The video/audio understanding model 204 may then determine a higher-order pattern based upon analyzing a group of independent features for each of the technical skill or non-technical practice. Depending on the type of higher-order patterns, different computational and machine-learning techniques may be applied. For example, if the pattern is temporal in nature than a Markov or a Hidden Markov Model may be applied, or even a Recurrent Neural Network. One such case would be the higher-order pattern capturing the rate of movement of the stitching apparatus or the hand. Such patterns of video understanding may then be compared to peer rater assessments (e.g., as provided by human raters using NOTSS, ANTS, PINTS, OSATS scoring systems), which may be associated to outcomes following surgery (e.g., permanent stroke, surgical re-exploration, deep sternal wound infection, renal failure, prolonged ventilation or operative mortality, STS complications).

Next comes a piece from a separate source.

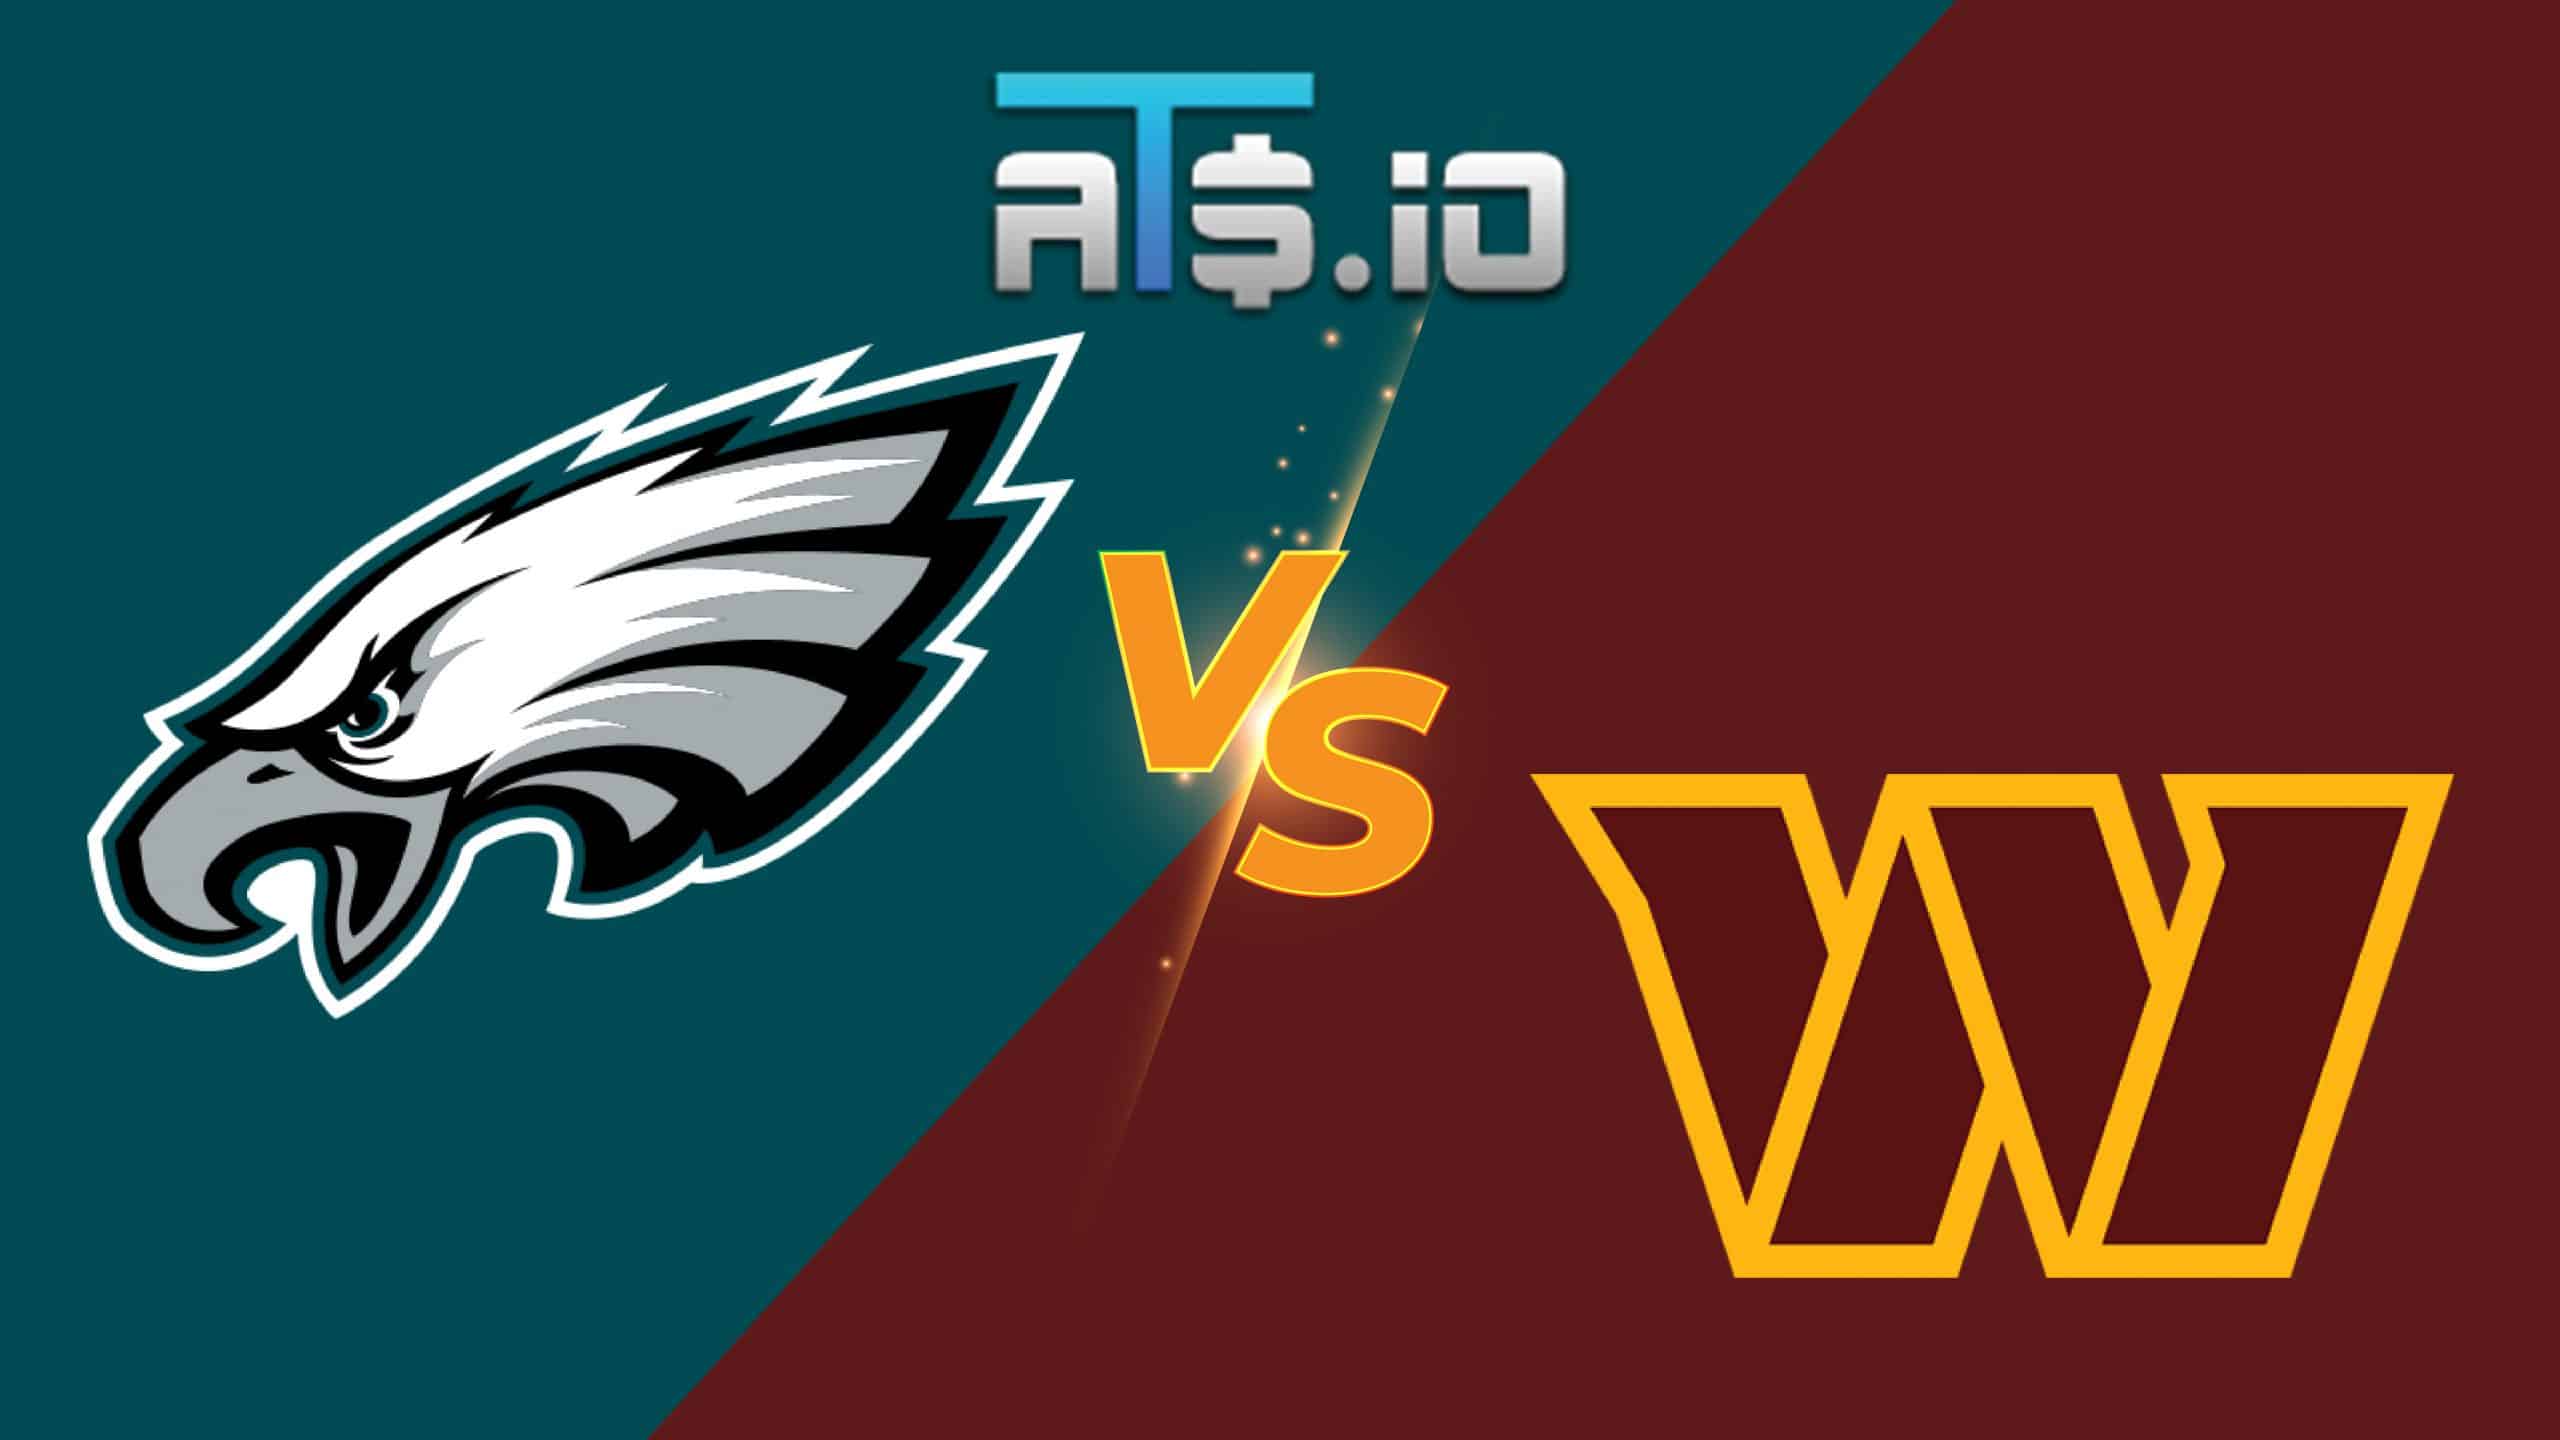 Philadelphia Eagles vs Washington Commanders Week 3 Pick 9/25/22

Based on the comparison, the server 104 may automatically generate one or more quality scores predictive of an assessment of the technical skills and/or non-technical practices in the recording segments. For example, server 104 may correlate the evaluated technical skills and/or non-technical practices to objective metrics, such as those provided by OSATS and NOTSS. The video/audio understanding model 204 may be improved by comparing the generated quality scores with the ratings provided by the peer raters.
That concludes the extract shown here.